By far the most rewarding portrayal was that of Isolde by Miss Varnay. She has grown immeasurably in the role since she first assayed it here and must now be considered in many ways the most satisfactory delineator of this arduous role now appearing here for she not only sings the music remarkably well but acts the role quite magnificently.

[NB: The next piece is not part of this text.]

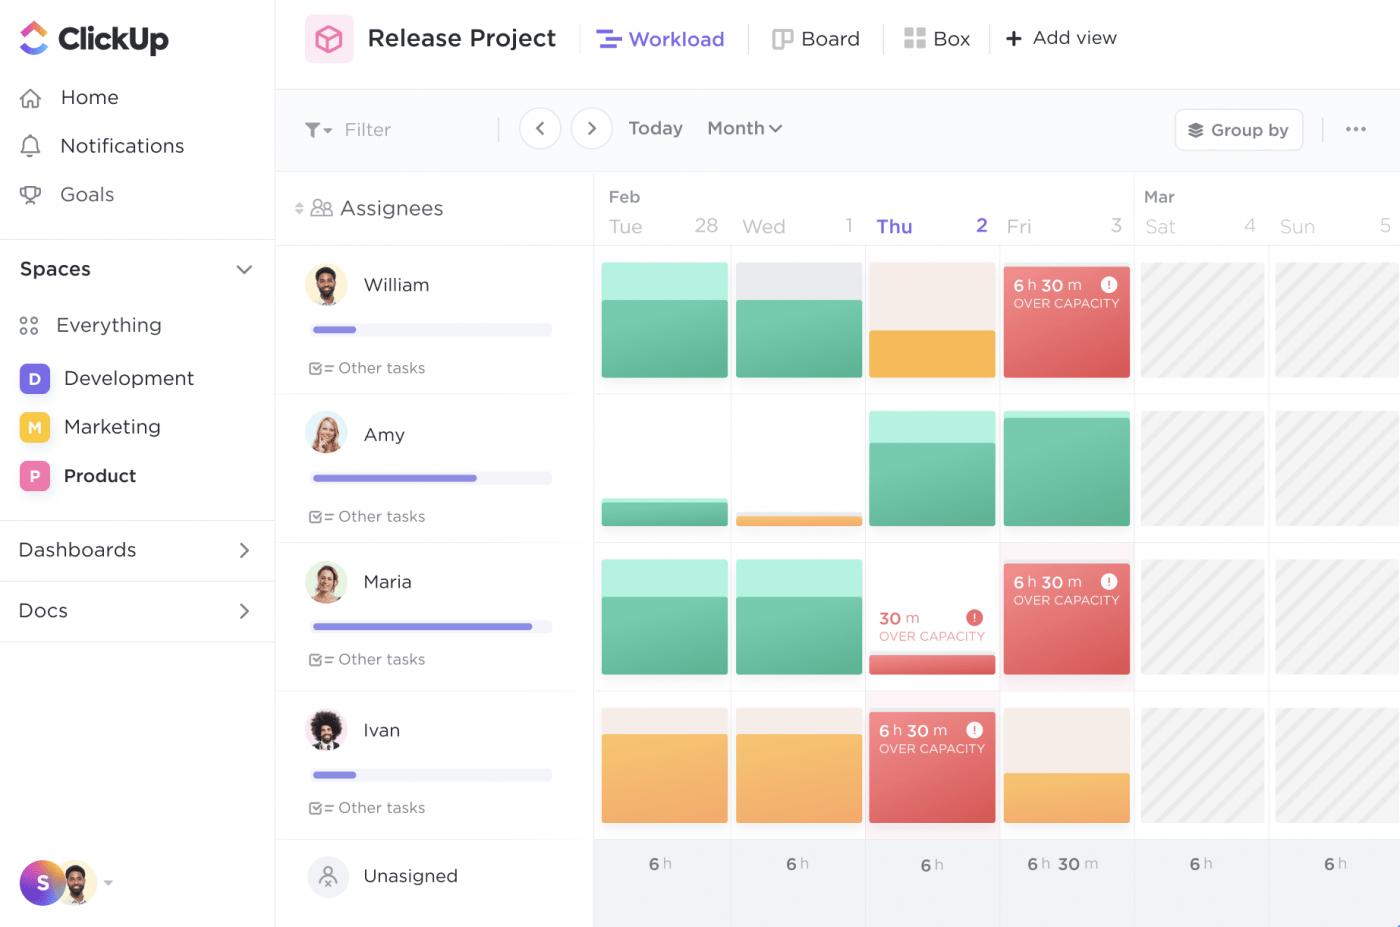 workloadview 3.0

Miss Varnay’s Isolde is visually as well as vocally closer to the Irish princess envisaged by Wagner than that of any other soprano now among us. The wide range of the music of the part causes her no apparent difficulties. The high B’s of the first act Narrative were negotiated with a solid brilliancy which has not been accorded them in a good many years and both high C’s in her incandescent greeting to Tristan in the second act were accounted for with similar security. But these were but details, if important ones, in her cogently dramatic delivery of the entire role’s music. Every word was imbued with the apposite color needed to suggest its meaning. It was unfortunate that she did not have a more sensitive companion in “O sink hernieder” and was compelled to carry its poetic message single-handed. Her enactment of the role tarried on an artistic plane equally as high as her singing of it. The fiery, impassioned and ironically scornful princess of the first act, as well as the meltingly tender, living woman of the second act were vividly portrayed by this greatly gifted young singer.
Miss Harshaw was in fine voice and invested her music with sensuously satisfying sounds, although much of her second act Call from the Tower was rendered inaudible by Mr. Reiner’s indiscrete conducting. Mr. Frantz, too, was in good form as Kurvenal.